### Exercise brief
Retype every entry below exactly as it stands.

[Items from a dataset]
--- START ---

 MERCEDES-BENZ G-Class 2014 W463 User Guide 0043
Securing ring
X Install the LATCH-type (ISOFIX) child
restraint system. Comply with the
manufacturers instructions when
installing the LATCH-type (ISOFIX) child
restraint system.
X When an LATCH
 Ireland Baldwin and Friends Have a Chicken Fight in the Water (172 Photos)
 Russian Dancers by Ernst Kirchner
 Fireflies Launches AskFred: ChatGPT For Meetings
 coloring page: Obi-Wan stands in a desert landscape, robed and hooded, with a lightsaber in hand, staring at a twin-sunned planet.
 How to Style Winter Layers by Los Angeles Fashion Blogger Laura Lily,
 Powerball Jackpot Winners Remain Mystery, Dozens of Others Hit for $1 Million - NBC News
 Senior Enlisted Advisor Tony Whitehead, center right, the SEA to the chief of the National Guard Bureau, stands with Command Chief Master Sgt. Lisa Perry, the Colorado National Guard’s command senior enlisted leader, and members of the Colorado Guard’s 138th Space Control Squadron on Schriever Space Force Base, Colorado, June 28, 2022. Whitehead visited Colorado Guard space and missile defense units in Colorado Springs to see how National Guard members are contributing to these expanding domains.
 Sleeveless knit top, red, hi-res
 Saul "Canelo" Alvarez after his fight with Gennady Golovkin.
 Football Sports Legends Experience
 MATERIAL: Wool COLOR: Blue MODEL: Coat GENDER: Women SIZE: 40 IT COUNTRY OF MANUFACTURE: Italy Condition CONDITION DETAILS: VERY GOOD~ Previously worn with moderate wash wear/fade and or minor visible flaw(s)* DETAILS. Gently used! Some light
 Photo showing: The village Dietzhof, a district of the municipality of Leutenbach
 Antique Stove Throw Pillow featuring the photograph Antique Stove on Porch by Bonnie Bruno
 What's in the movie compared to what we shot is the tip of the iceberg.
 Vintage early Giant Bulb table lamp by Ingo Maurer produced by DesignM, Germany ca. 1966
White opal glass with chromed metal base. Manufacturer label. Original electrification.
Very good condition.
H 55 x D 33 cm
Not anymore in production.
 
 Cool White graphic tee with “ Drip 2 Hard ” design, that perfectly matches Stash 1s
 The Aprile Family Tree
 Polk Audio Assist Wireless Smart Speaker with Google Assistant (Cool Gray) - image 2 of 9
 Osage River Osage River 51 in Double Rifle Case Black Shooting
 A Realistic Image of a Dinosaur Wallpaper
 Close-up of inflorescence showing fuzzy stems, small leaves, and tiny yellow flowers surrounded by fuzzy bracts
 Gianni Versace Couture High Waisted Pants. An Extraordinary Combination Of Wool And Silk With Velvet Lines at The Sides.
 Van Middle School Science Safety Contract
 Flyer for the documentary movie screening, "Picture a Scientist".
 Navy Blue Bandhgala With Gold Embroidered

--- END ---

### Answer space
 MERCEDES-BENZ G-Class 2014 W463 User Guide 0043
Securing ring
X Install the LATCH-type (ISOFIX) child
restraint system. Comply with the
manufacturers instructions when
installing the LATCH-type (ISOFIX) child
restraint system.
X When an LATCH
 Ireland Baldwin and Friends Have a Chicken Fight in the Water (172 Photos)
 Russian Dancers by Ernst Kirchner
 Fireflies Launches AskFred: ChatGPT For Meetings
 coloring page: Obi-Wan stands in a desert landscape, robed and hooded, with a lightsaber in hand, staring at a twin-sunned planet.
 How to Style Winter Layers by Los Angeles Fashion Blogger Laura Lily,
 Powerball Jackpot Winners Remain Mystery, Dozens of Others Hit for $1 Million - NBC News
 Senior Enlisted Advisor Tony Whitehead, center right, the SEA to the chief of the National Guard Bureau, stands with Command Chief Master Sgt. Lisa Perry, the Colorado National Guard’s command senior enlisted leader, and members of the Colorado Guard’s 138th Space Control Squadron on Schriever Space Force Base, Colorado, June 28, 2022. Whitehead visited Colorado Guard space and missile defense units in Colorado Springs to see how National Guard members are contributing to these expanding domains.
 Sleeveless knit top, red, hi-res
 Saul "Canelo" Alvarez after his fight with Gennady Golovkin.
 Football Sports Legends Experience
 MATERIAL: Wool COLOR: Blue MODEL: Coat GENDER: Women SIZE: 40 IT COUNTRY OF MANUFACTURE: Italy Condition CONDITION DETAILS: VERY GOOD~ Previously worn with moderate wash wear/fade and or minor visible flaw(s)* DETAILS. Gently used! Some light
 Photo showing: The village Dietzhof, a district of the municipality of Leutenbach
 Antique Stove Throw Pillow featuring the photograph Antique Stove on Porch by Bonnie Bruno
 What's in the movie compared to what we shot is the tip of the iceberg.
 Vintage early Giant Bulb table lamp by Ingo Maurer produced by DesignM, Germany ca. 1966
White opal glass with chromed metal base. Manufacturer label. Original electrification.
Very good condition.
H 55 x D 33 cm
Not anymore in production.
 
 Cool White graphic tee with “ Drip 2 Hard ” design, that perfectly matches Stash 1s
 The Aprile Family Tree
 Polk Audio Assist Wireless Smart Speaker with Google Assistant (Cool Gray) - image 2 of 9
 Osage River Osage River 51 in Double Rifle Case Black Shooting
 A Realistic Image of a Dinosaur Wallpaper
 Close-up of inflorescence showing fuzzy stems, small leaves, and tiny yellow flowers surrounded by fuzzy bracts
 Gianni Versace Couture High Waisted Pants. An Extraordinary Combination Of Wool And Silk With Velvet Lines at The Sides.
 Van Middle School Science Safety Contract
 Flyer for the documentary movie screening, "Picture a Scientist".
 Navy Blue Bandhgala With Gold Embroidered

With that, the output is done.